Ahead of Ai Weiwei’s largest UK exhibition in eight years, at the Design Museum, an incredible new piece has been unveiled from the artist. Made entirely out of Lego, Water Lilies #1 is an immense recreation of Monet’s famed Water Lilies (1914 — 26). It’s also the largest Lego artwork that Ai Weiwei has ever made.
The work is so huge, in fact, that it takes up fifteen metres of wall space, spanning the entire length of one of the walls in the Design Museum gallery. It’s comprised of almost 650,000 studs of Lego bricks, with 22 colours bringing the impressionist masterpiece to Lego-bricked life. And it goes on display to the public on April 7, when the Ai Weiwei: Making Sense exhibition opens at the Design Museum.
The two Water Lilies
The original work from Monet, which is currently in the collection of New York’s Museum of Modern Art, became famous for its depiction of a beautiful, tranquil, lily pond in the garden of the artist’s home. Its representation of nature has resonated with anyone able to take in the immense triptych’s brushstrokes and colours. It’s also, arguably, the first painting that comes to mind for many when Monet is mentioned.
However, the lily pond was man-made, disrupting a nearby river in its creation. Weiwei’s usage of Lego bricks in his reproduction adds a layer of unnatural, and industrial, sheen to the work. One that reflects the history behind the original image, and its man-made source material. Impersonal pixel-like blocks replace Monet’s brushstrokes, contrasting the nature scene and referencing the increasingly digital distribution of art.
Punctuating the recreation is a dark portal on the right-hand side of the Lego painting. This portal represents the door to the underground dugout in Xinjiang province where Ai and his father, Ai Qing, lived in forced exile in the 1960s. It’s yet another contrast to the original work’s tranquillity.
Said Ai Weiwei:
“Our world is complex and collapsing towards an unpredictable future. It’s crucial for individuals to find a personalized language to express their experience of these challenging conditions. Personalized expression arises from identifying with history and memories while creating a new language and narrative. Without a personal narrative, artistic narration loses its quality. In Water Lilies #1 I integrate Monet’s Impressionist painting, reminiscent of Zenism in the East, and concrete experiences of my father and me into a digitized and pixelated language. Toy bricks as the material, with their qualities of solidity and potential for deconstruction, reflect the attributes of language in our rapidly developing era where human consciousness is constantly dividing.”
Ai Weiwei: Making Sense
Making Sense is Ai Weiwei’s first design-focused exhibition, and will also be the artist’s biggest UK show in eight years. It will speak to the artist’s history of engaging with material culture, often through using, or reimagining, seemingly ordinary objects from our everyday lives. The exhibition will feature recent works and wholly new pieces commissioned for the exhibition.

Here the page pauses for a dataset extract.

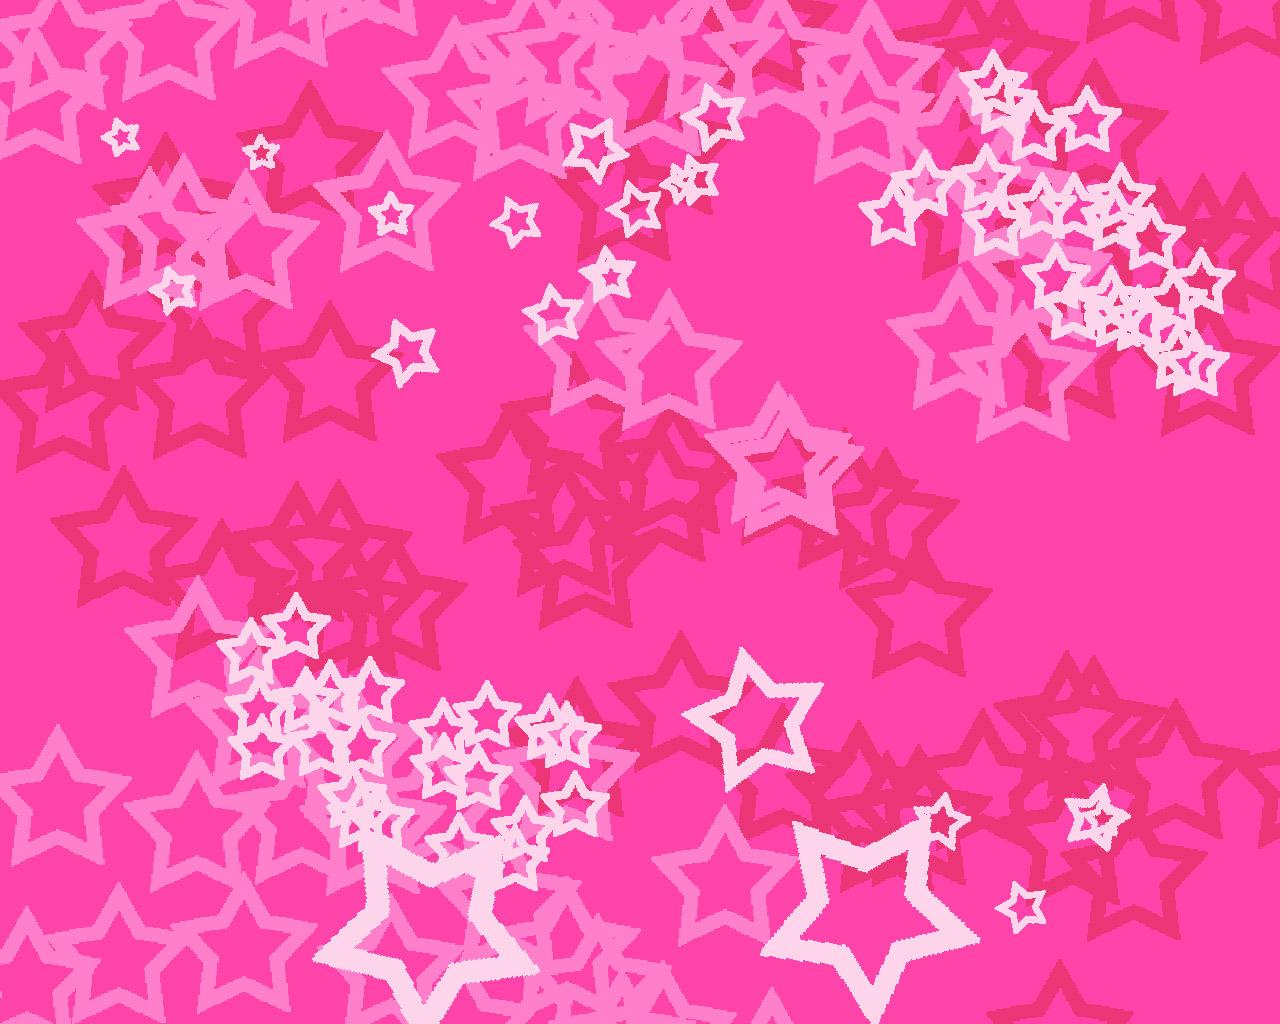 Pink wallpapersamazedwallpaper 1280x1024

Alongside Water Lilies #1 will be another new work, Untitled (Lego Incident). This piece presents the many hundreds of Lego pieces that were donated to Ai Weiwei in the wake of a 2014 incident where Lego briefly refused to sell their products to him. Up until then Weiwei had been using Lego to create portraits of political prisoners. Untitled (Lego Incident) is the first time the donations will be presented as a fully realized artwork.
There will also be plenty more works from Ai Weiwei, ranging from a Han dynasty urn emblazoned with a Coca-Cola logo, to a worker’s hard hat cast in glass, and beyond. For the financially strapped, you won’t even need to enter the exhibition, or pay for a ticket, to see some of the works! Large scale pieces will be installed in the museum’s free-to-enter spaces and outside the building itself.
Tickets are available to pre-book for the exhibition here. Members can get access to the exhibition for free, while Adult tickets cost £15, and Child tickets cost £7.50.
Ai Weiwei: Making Sense will run at the Design Museum from April 7 until July 30, 2023. The Design Museum is at 224-238 Kensington High Street, W8 6AG. The nearest station is High Street Kensington.